Обреченный на безделье, Оке чувствовал себя совершенно беспомощным. Кровь гулко стучала в опухшей ноге, мерно отсчитывая время.
Под воскресенье дядя Хильдинг отправился в Висбю – договориться о поставках строительных материалов. Когда он вернулся домой, его лихо сдвинутая на самый затылок американская шляпа была сильно помята, на пиджаке и шелковой рубахе недоставало нескольких пуговиц, но зато он сам был в отличном настроении.
– Уж настолько я знаю бокс, чтобы справиться с какими-то там гуляками в пивнушке!
– Ас водкой как ты справился? – осторожно осведомился десятник, лысый мужчина с быстрыми, как у белки, глазами, и скосился на чемодан.

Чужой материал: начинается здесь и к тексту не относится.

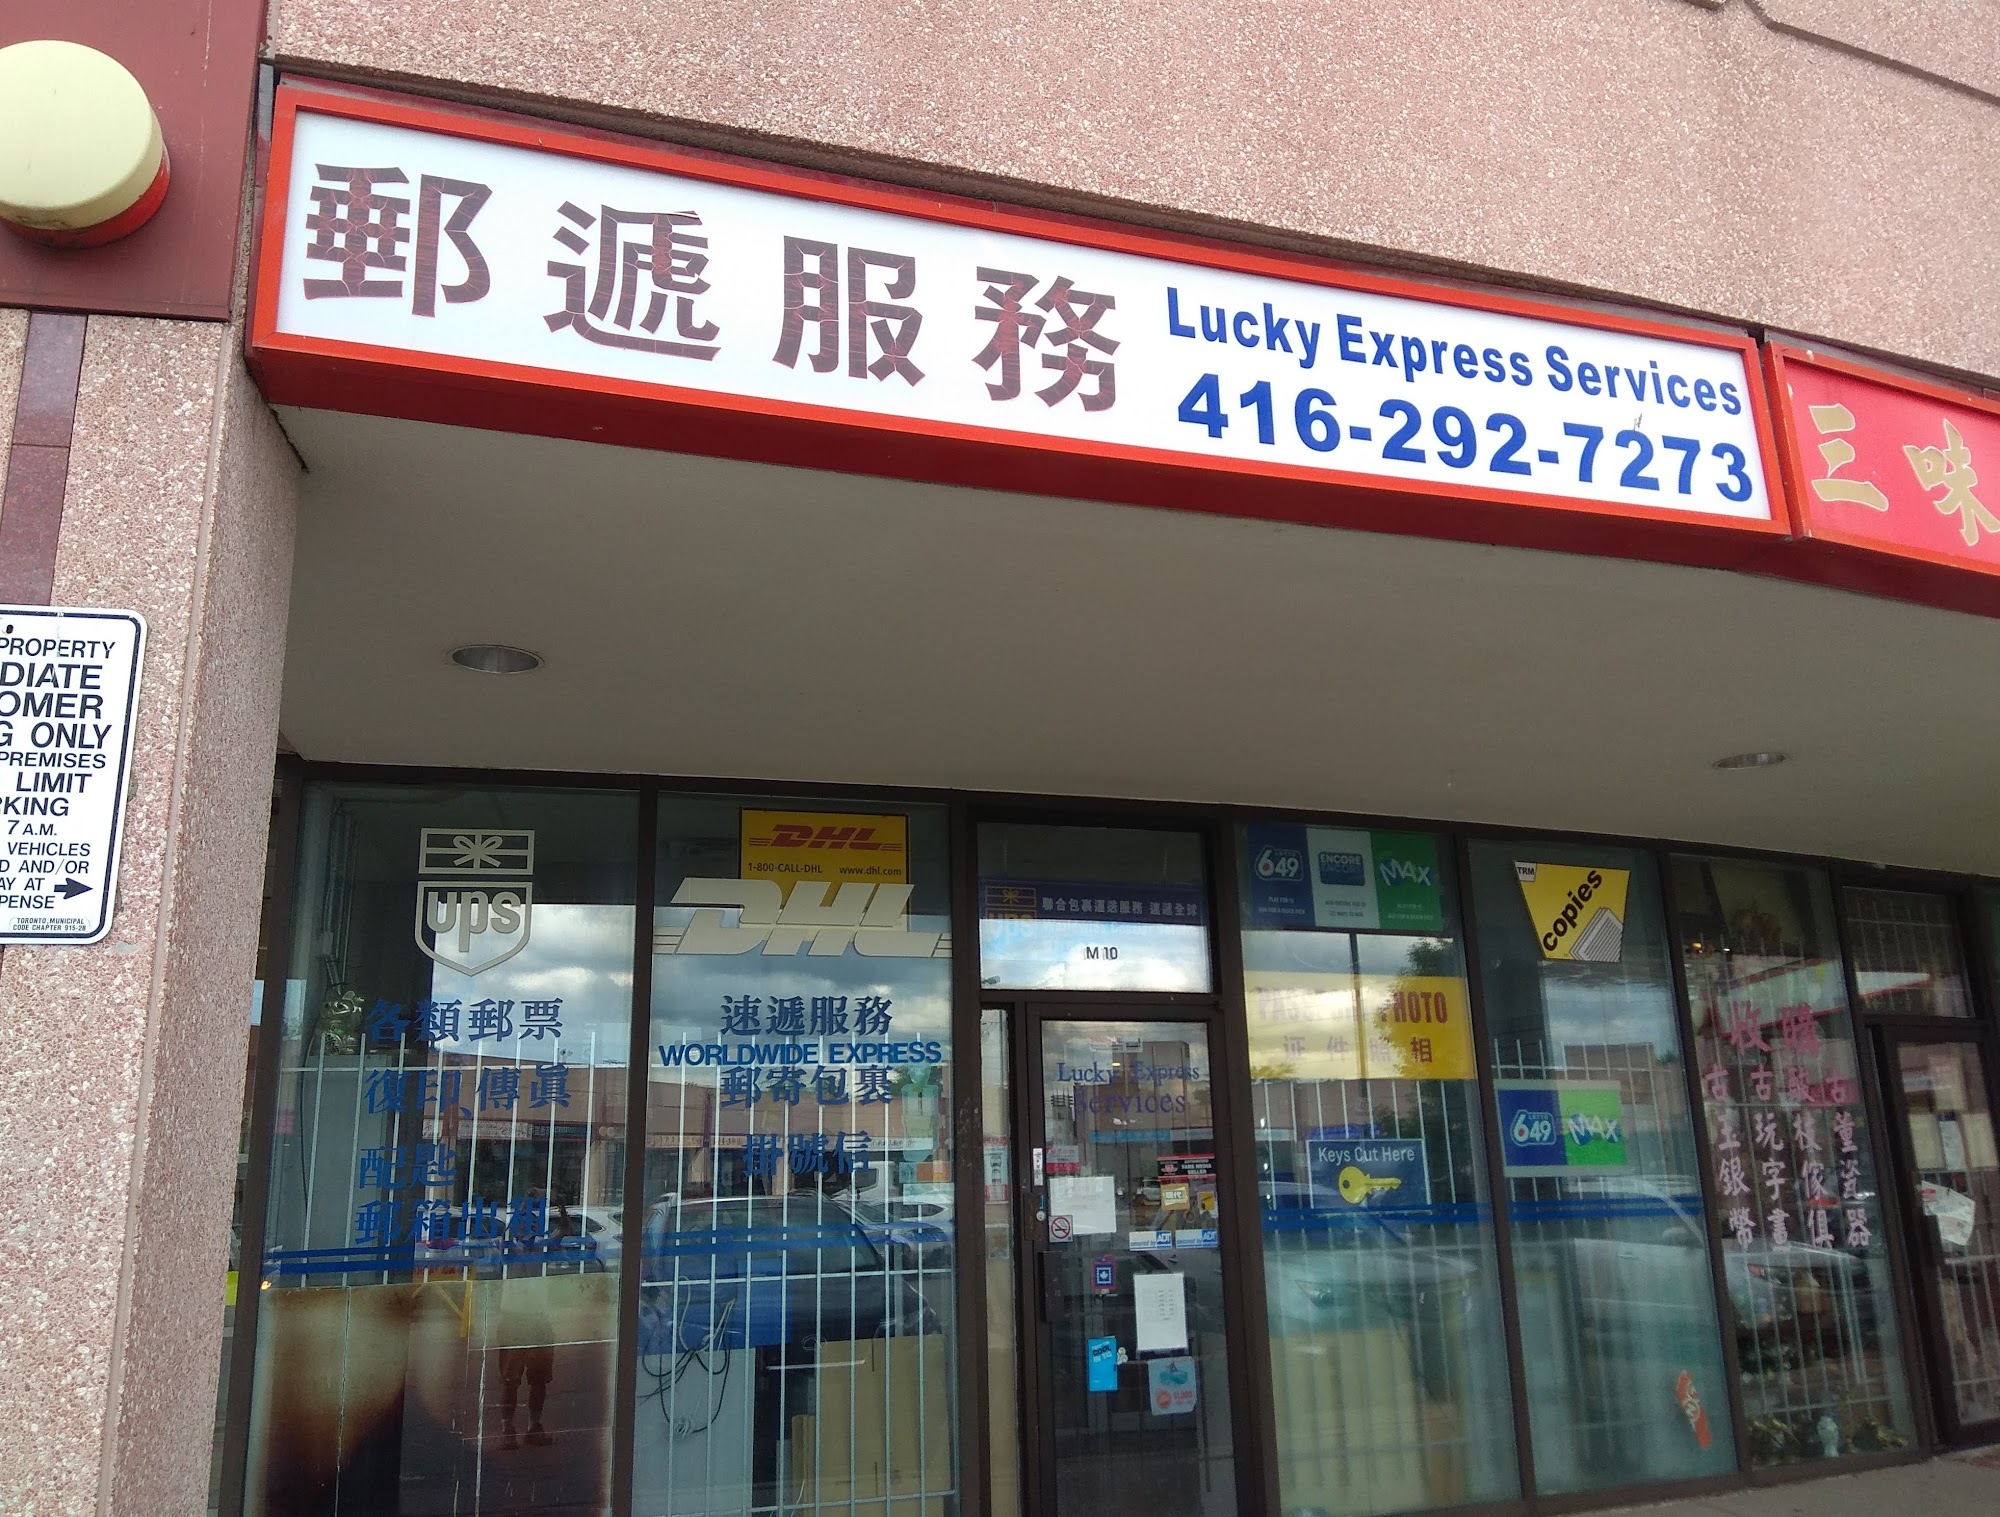 Lucky Express Services

– Моя водка – что хочу, то и делаю! – ответил дядя Хильдинг вызывающе. – Семь лет мне пришлось обходиться канадской контрабандой да таким самогоном, что и луженое брюхо прожжет. Так что это не твое дело, если я позволил себе глотнуть немного настоящего товара!
– Но мне-то хоть литр причитается за то, что я одолжил тебе винную карточку? – упорствовал десятник.
Ивар поспешил обратить все в шутку, и дядя Хильдинг снова повеселел. Его настроение легко переходило от гнева к безграничной доброте.
– Слезайте с лесов, ребята! – крикнул он подручным. – Айда за мной – расправимся с остатками!
Бабушка подала закуску, и дядя Хильдинг принялся с хитрой усмешкой вытаскивать доставленные в полной сохранности бутылки.
– Чего же он голову морочил? – протянул десятник умиротворенно.
Освободив бутылки от соломенной упаковки, дядя Хильдинг разлил всем по чарочке, затем стал вспоминать поразительные случаи из своей недолгой матросской практики. Вспомнил он и о том, как заходил в порты Зеландии и Фюна.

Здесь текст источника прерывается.